Type in the query “Philadelphia,” and this second search will produce a new “knowledge panel” in the right-hand margin of the results page, complete with a map and other basic facts about the city William Penn founded. (Hedging its bets, however, Google will also include a thumbnail of the movie poster from the 1993 Tom Hanks film Philadelphia.) To use Google’s own description, the new database helps the search engine understand “things, not strings.”
This second brain is called the Knowledge Graph. English speakers began to see the newly supercharged searches that it powers back in May, and last week the service was rolled out to speakers of seven other languages. But the story behind the knowledge panels goes back to mid-2010, when Google bought a San Francisco search startup called Metaweb Technologies and decided to use its massive semantic database, called Freebase, as the nucleus for its own project to approximate the way humans understand the world.
Metaweb’s creation doesn’t boil down to a collection of guesses about how documents are related to one another, the way Google’s other databases do. Rather, it’s a human-curated encyclopedia of verified facts about things in the world and relationships between them—more than 570 million things and 3.5 billion relationships, at last count. (Philadelphia is a city that’s part of a state that’s part of a nation; it has a known population, a typical set of weather patterns, et cetera.)
While the knowledge panels are the most visible manifestation of the Knowledge Graph, the new information is helping to order and rationalize almost everything else Google does. The consequences will be sweeping. While true AI is still a long way off, the Knowledge Graph represents a shortcut to a time when software will be better at meeting, or even anticipating, our information needs.
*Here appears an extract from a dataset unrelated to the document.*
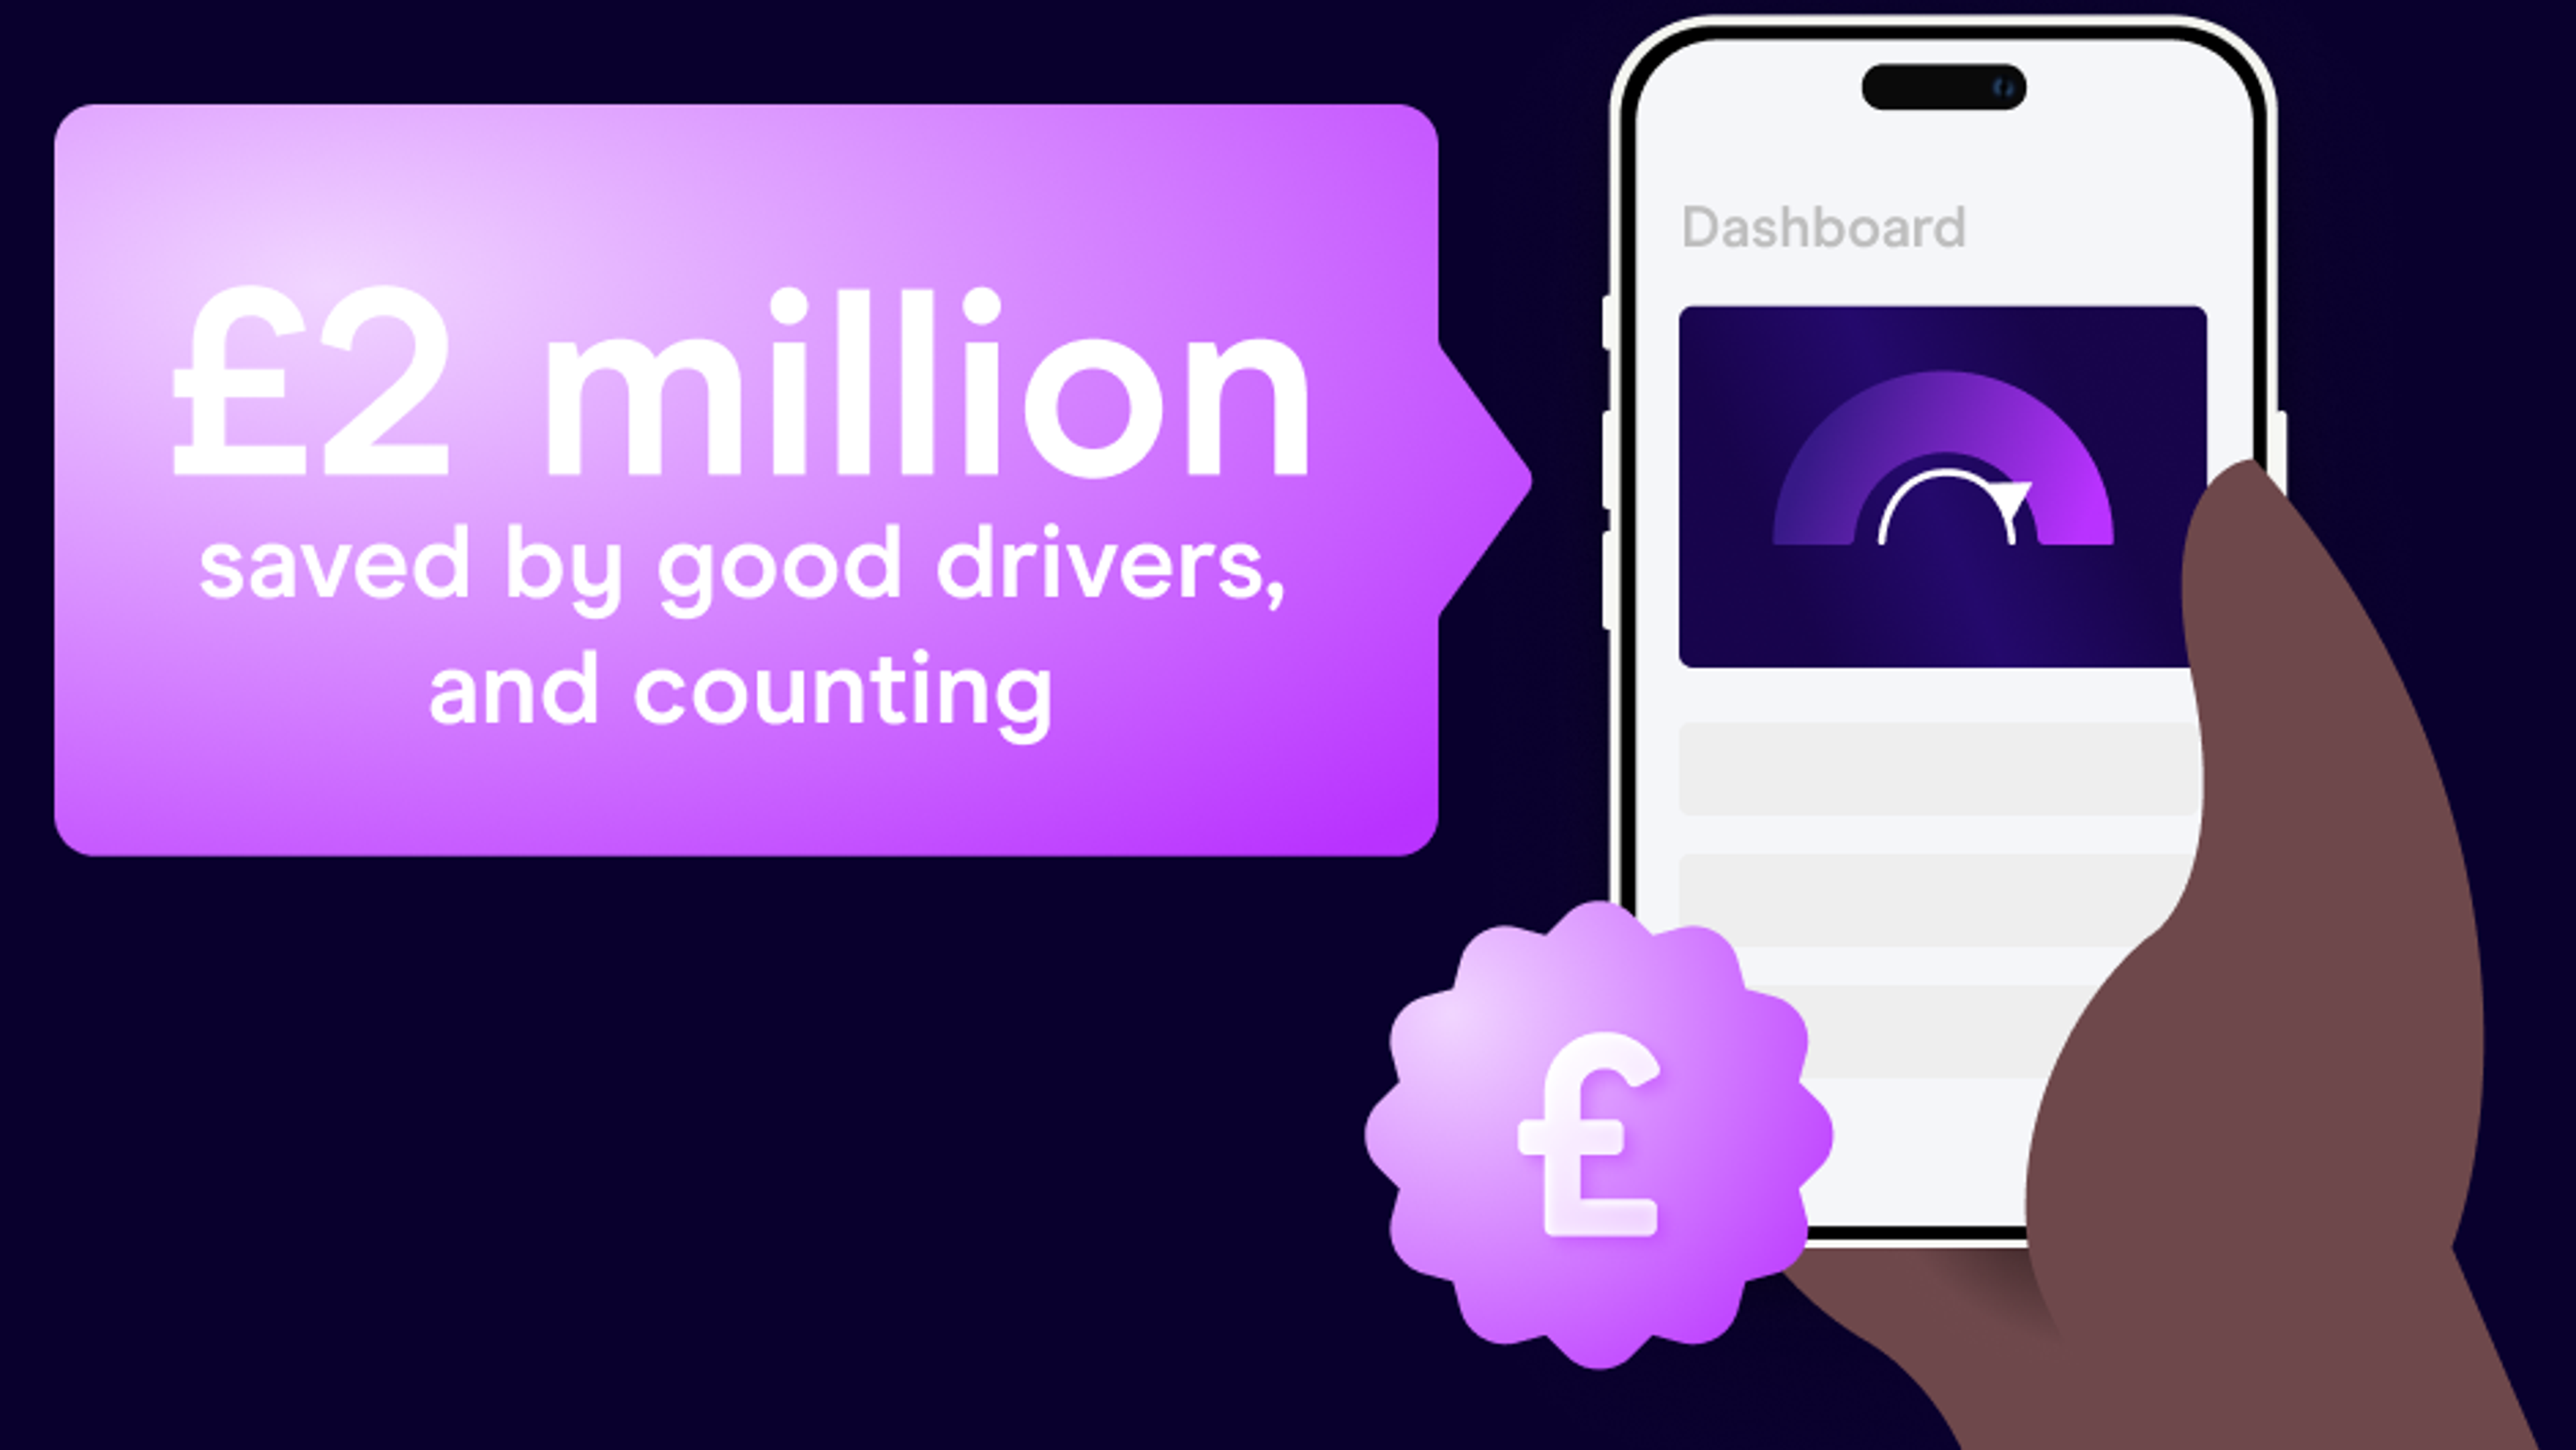 Illustrated hand holding a phone with Zego Sense driver score with a callout stating '£2million saved by good drivers, and counting'

In essence, Google’s engineers are building toward a future when the company’s famous “I’m Feeling Lucky” option is all you need, and the search engine returns the right result the first time, every time.
Amit Singhal, Google's top search guru
Amit Singhal, Google's top search guru
“This is a baby step toward having an understanding computer,” says Amit Singhal, a senior vice president of engineering at Google and the man with ultimate responsibility for improving Google’s core search algorithms. “Now, when you encounter the letters T-A-J-M-A-H-A-L on any Web page, the computers suddenly start understanding that this document is about the monument, and this one is about the musician, and this one is about a restaurant. That ‘aboutness’ is foundational to building the search of tomorrow.”
In a recent interview with Fortune, Google CEO Larry Page said he’s been pushing for such changes for the last 10 years. “The perfect search engine would really understand whatever your need is,” Page said. “It would understand everything in the world deeply, give you back kind of exactly what you need.”
Of course, Google (NASDAQ: GOOG) isn’t just a search engine—it’s also an advertising marketplace that generated $37 billion in revenue last year, and a media platform (YouTube), and a provider of cloud computing services (Gmail and Google Drive), and the leading maker of browser software (Chrome) and mobile operating systems (Android). Having a search engine that understands “aboutness” at its center will alter this whole empire. There are few hints so far of exactly how, but the changes will likely be at least as far-reaching as previous large-scale overhauls of the company’s core technology.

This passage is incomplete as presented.